Given information =
_____

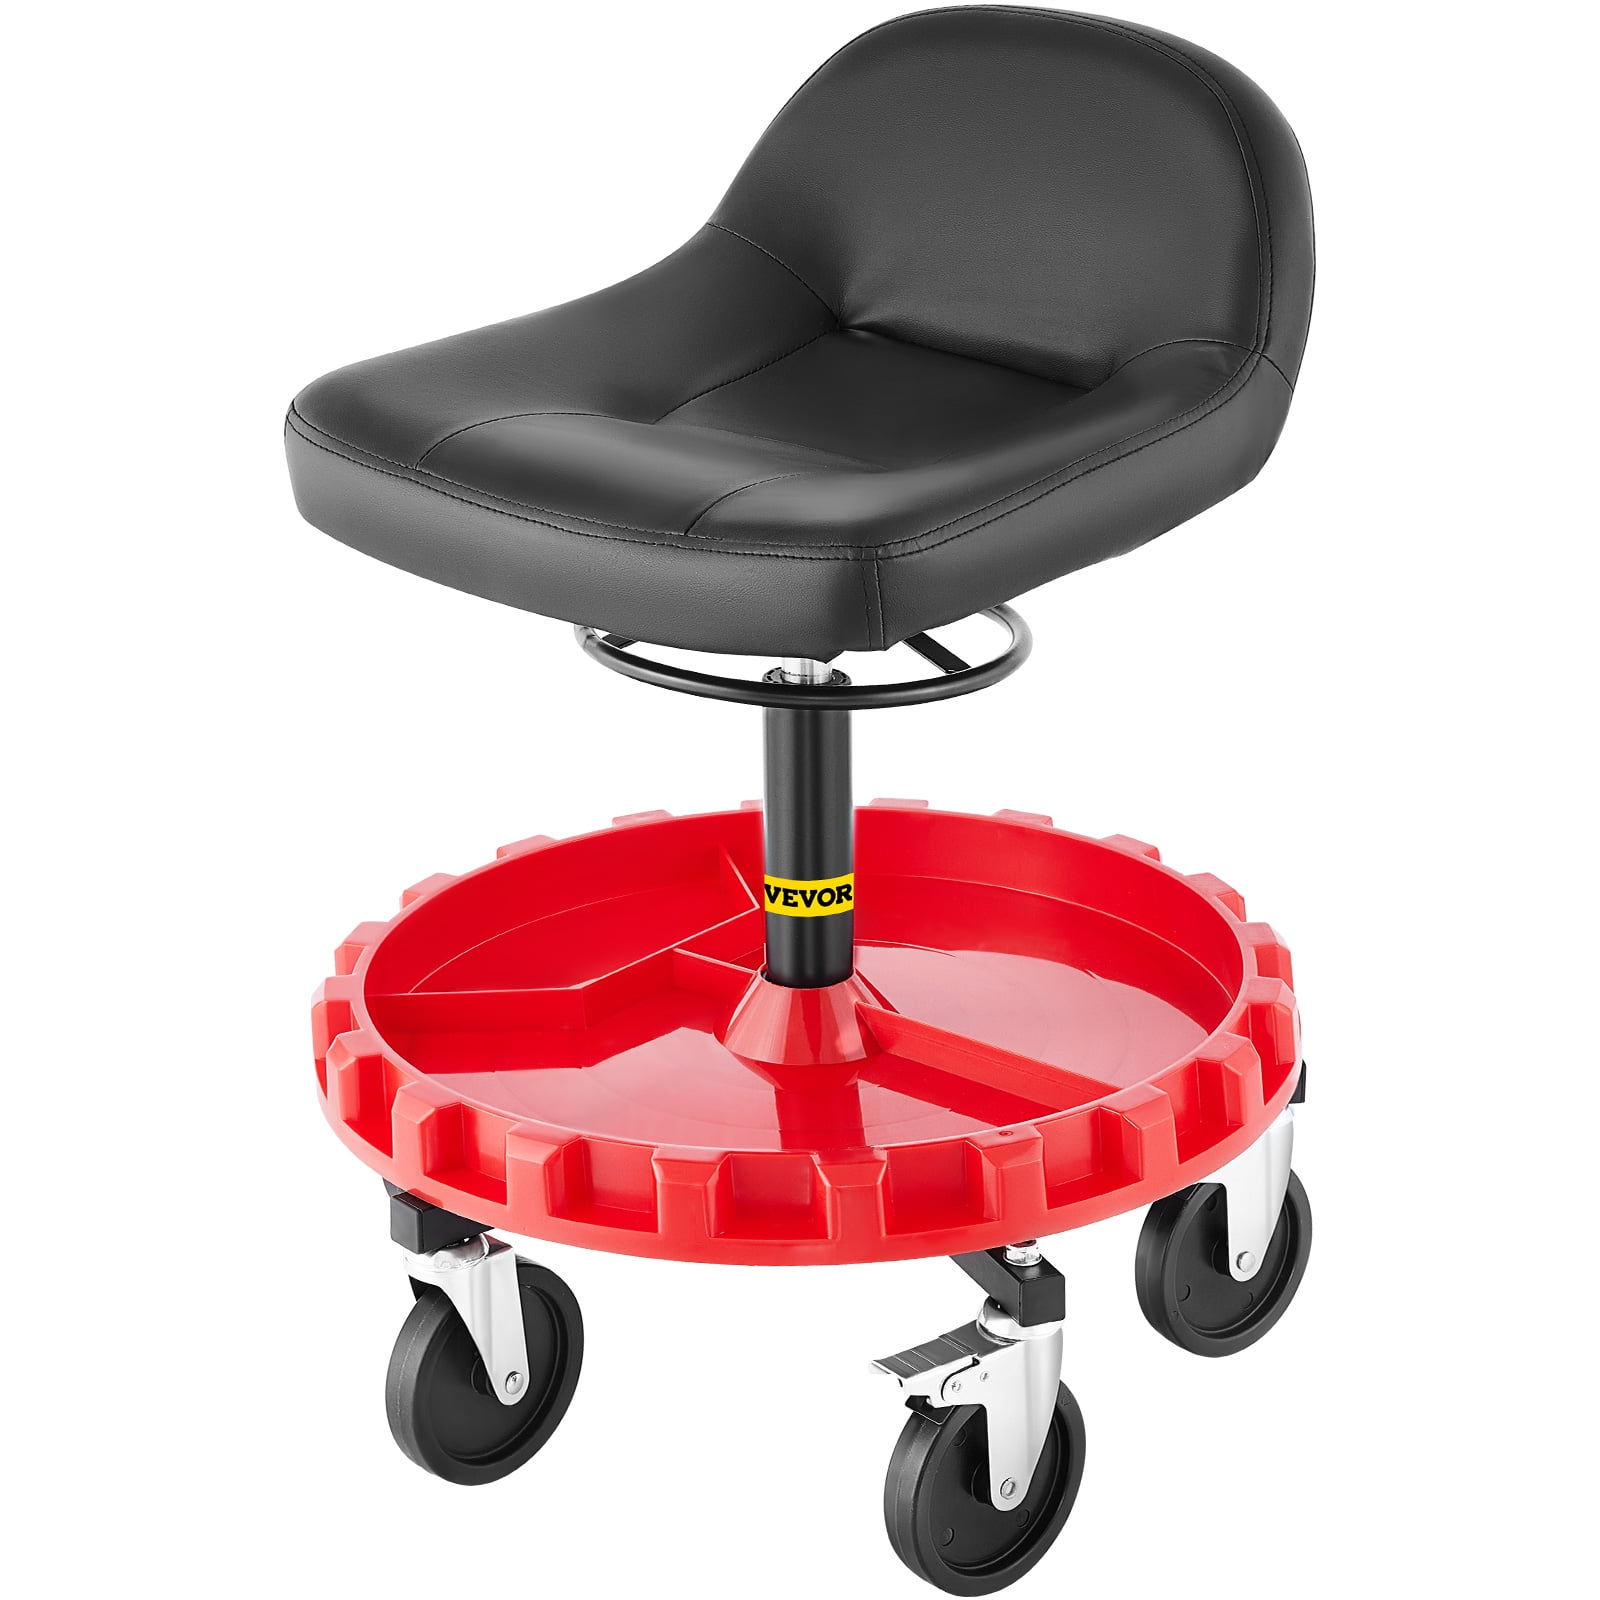 Garden Tools Rocker Rolling Seat Wheeled Chair Comfortable Height Adjustable 
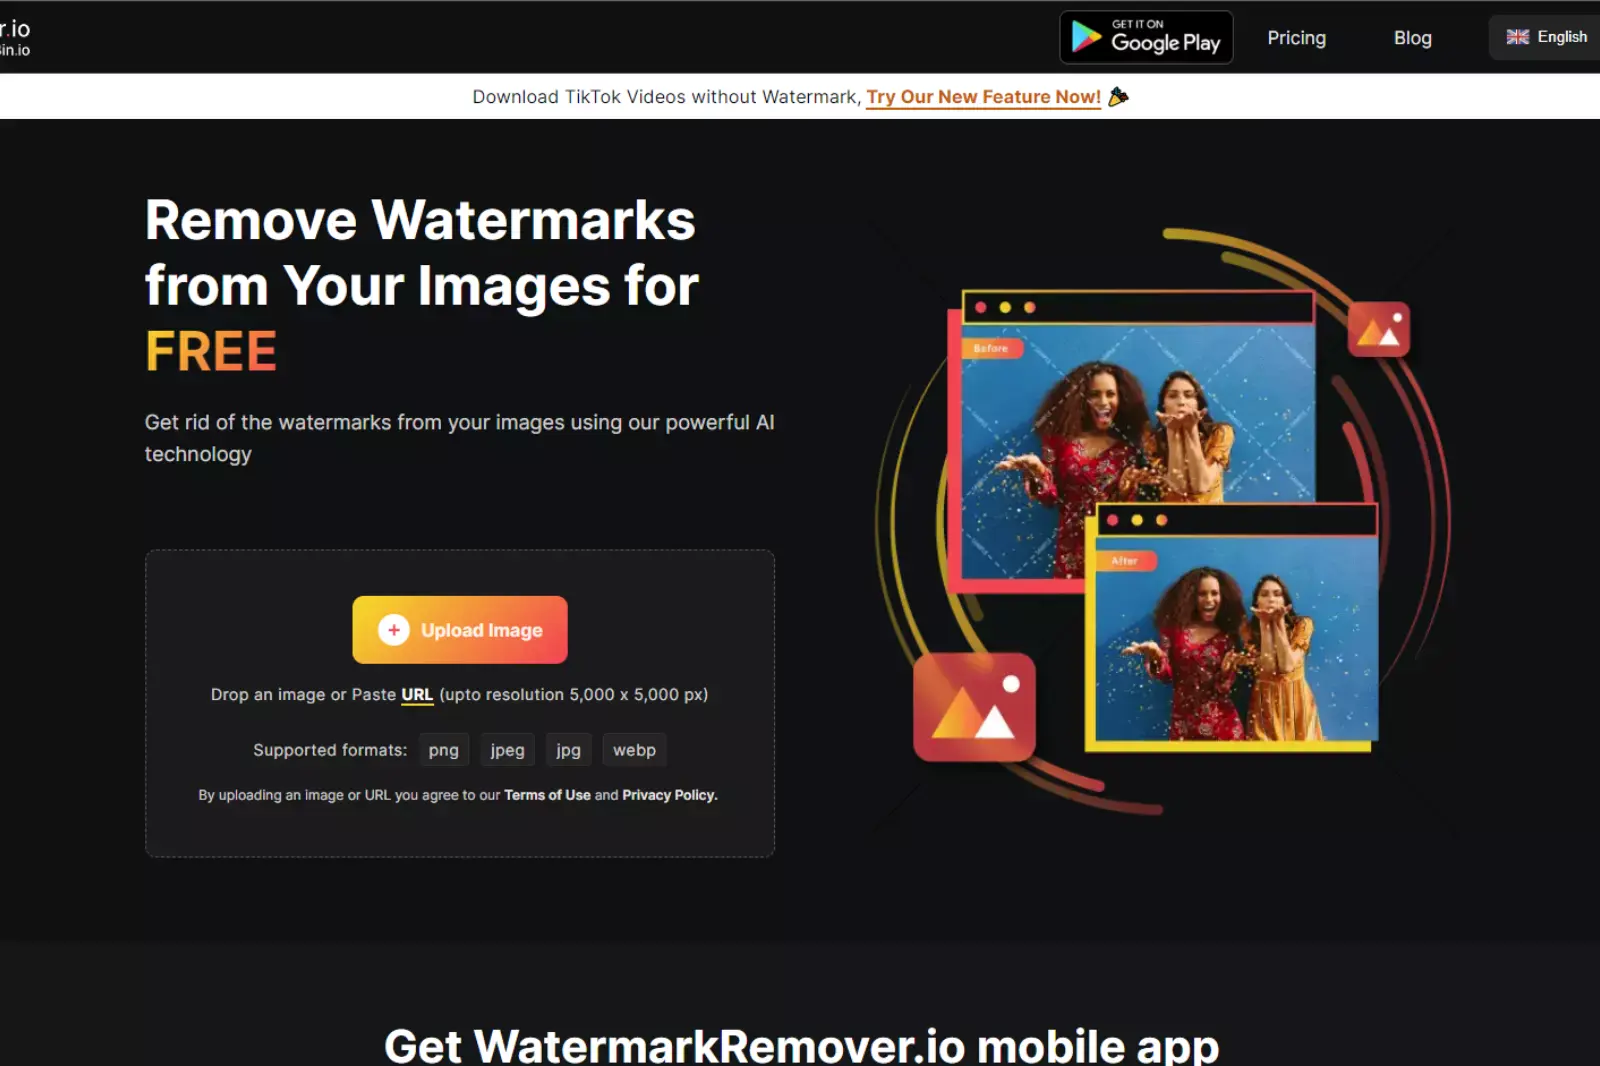 Visit Watermarkremover.io
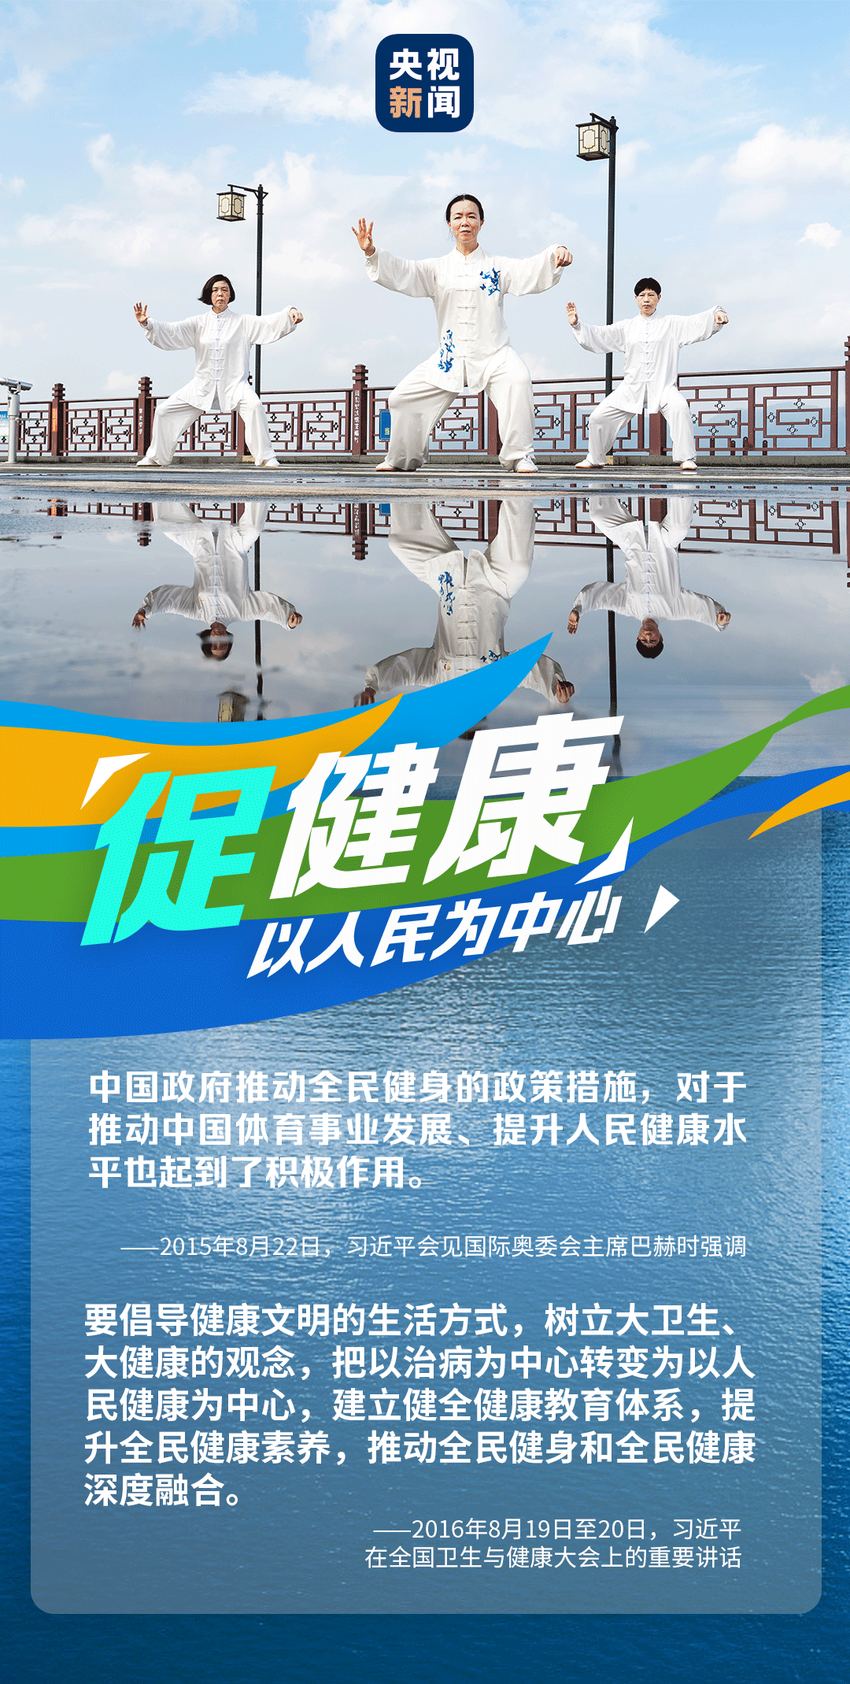 Hari Olahraga Nasional, Xi Jinping Serukan Masyarakat Rajin Berolahraga demi Rajin Bekerja_fororder_kc2

_____

Exercise objective =
The answer must be the listing above, restated word for word, with no images in it.

Task solution =
 Garden Tools Rocker Rolling Seat Wheeled Chair Comfortable Height Adjustable 
 Visit Watermarkremover.io
 Hari Olahraga Nasional, Xi Jinping Serukan Masyarakat Rajin Berolahraga demi Rajin Bekerja_fororder_kc2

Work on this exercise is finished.